Instead of sutures, a self-healing antibacterial polymer; instead of examining the wound, integrated smart monitoring

“Sutures? That’s practically medieval!”

Professor Hossam Haick

It is a staple of science fiction to mock sutures as outdated. The technique has, after all, been in use for at least 5,000 years. Surely medicine should have advanced since ancient Egypt. Professor Hossam Haick from the Wolfson Department of Chemical Engineering at the Technion has finally turned science fiction into reality. His lab succeeded in creating a smart sutureless dressing that binds the wound together, wards off infection, and reports on the wound’s condition directly to the doctors’ computers. Their study was published in Advanced Materials.

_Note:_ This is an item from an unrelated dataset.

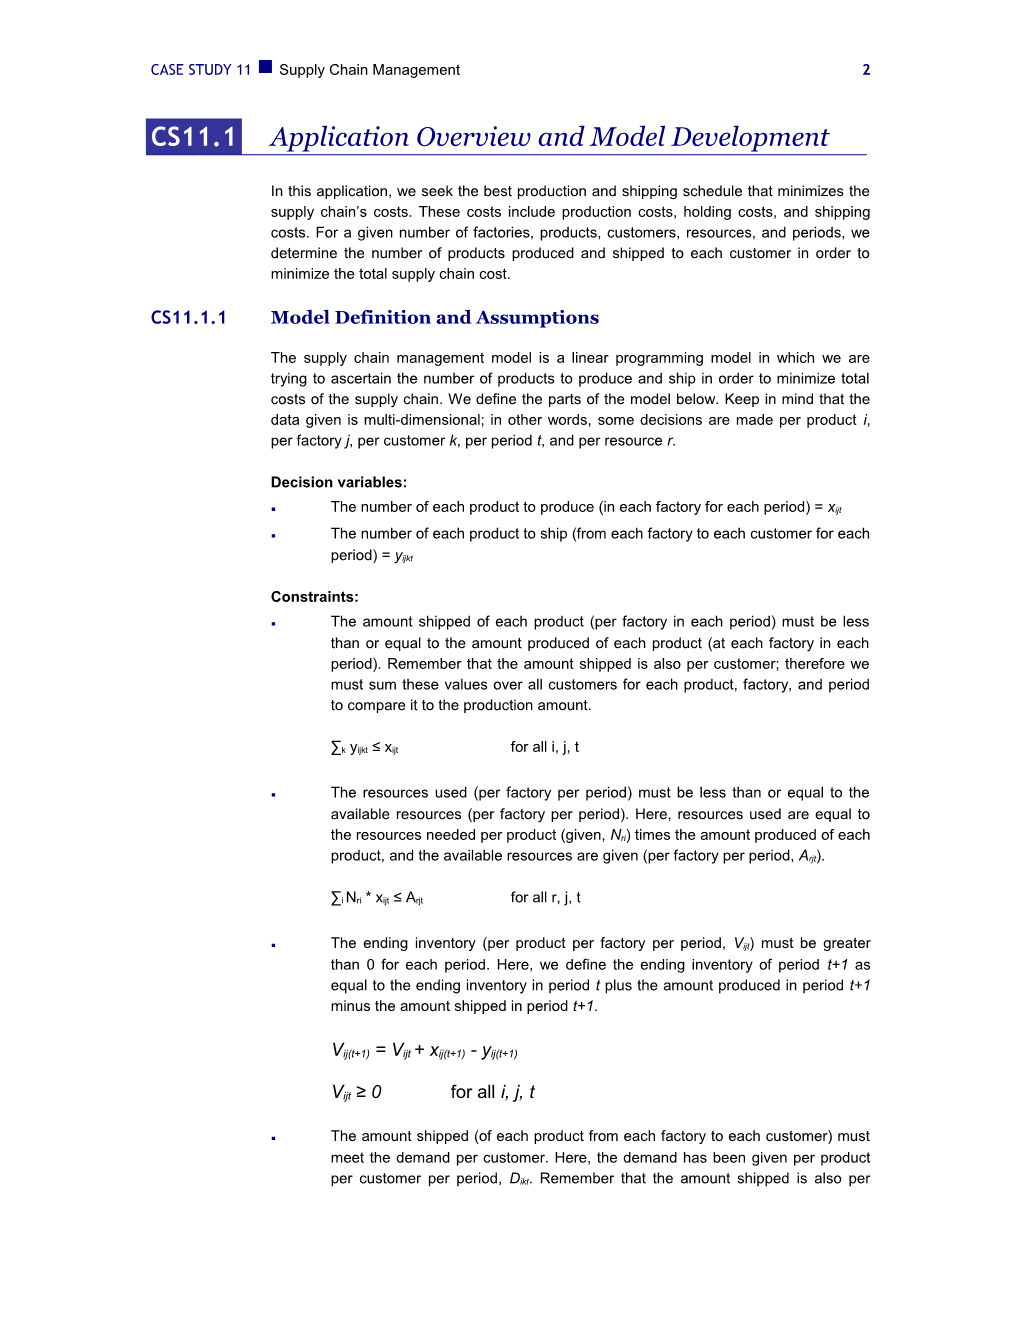 CS11.1.1Model Definition and Assumptions

Current surgical procedures entail the surgeon cutting the human body, doing what needs to be done, and sewing the wound shut – an invasive procedure that damages surrounding healthy tissue. Some sutures degrade by themselves – or should degrade – as the wound heals. Others need to be manually removed. Dressing is then applied over the wound and medical personnel monitor the wound by removing the dressing to allow observation for signs of infection like swelling, redness, and heat. This procedure is painful to the patient, and disruptive to healing, but it is unavoidable. Working with these methods also mean that infection is often discovered late, since it takes time for visible signs to appear, and more time for the inspection to come round and see them. In developed countries, with good sanitation available, about 20% of patients develop infections post-surgery, necessitating additional treatment and extending the time to recovery. The figure and consequences are much worse in developing countries.

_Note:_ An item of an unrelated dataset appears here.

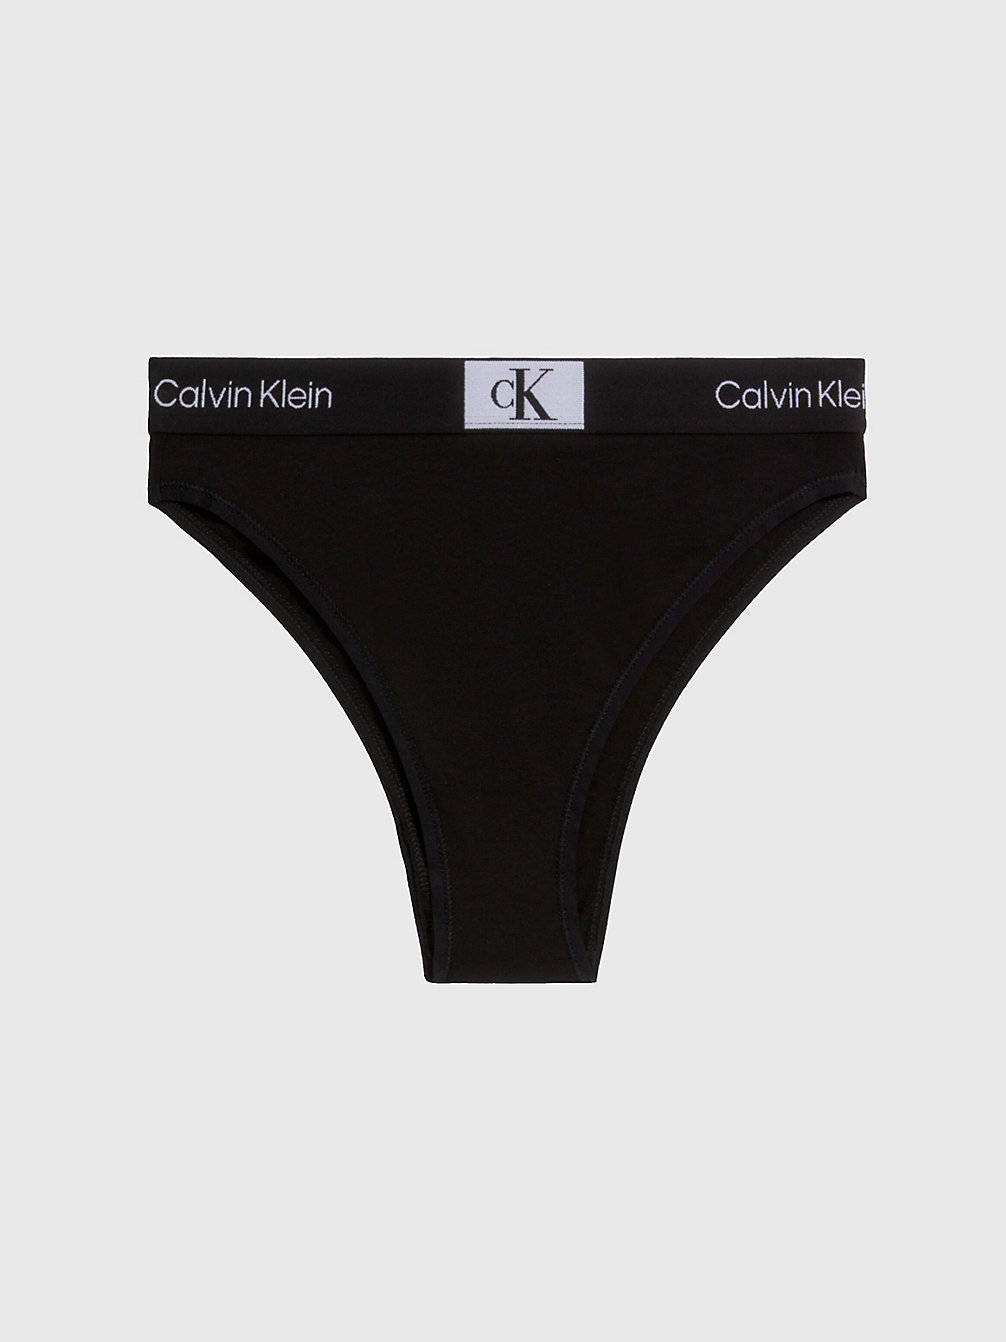 BLACK High Waisted Brazilian Briefs - Ck96 undefined women Calvin Klein

Self-healing, antibacterial, and multifunctional wound dressing in action

How will it work with Prof. Haick’s new dressing?

Prior to beginning a procedure, the dressing – which is very much like a smart band-aid – developed by Prof. Haick’s lab will be applied to the site of the planned incision. The incision will then be made through it. Following the surgery, the two ends of the wound will be brought together, and within three seconds the dressing will bind itself together, holding the wound closed, similarly to sutures. From then, the dressing will be continuously monitoring the wound, tracking the healing process, checking for signs of infection like changes in temperature, pH, and glucose levels, and report to the medical personnel’s smartphones or other devices. The dressing will also itself release antibiotics onto the wound area, preventing infection.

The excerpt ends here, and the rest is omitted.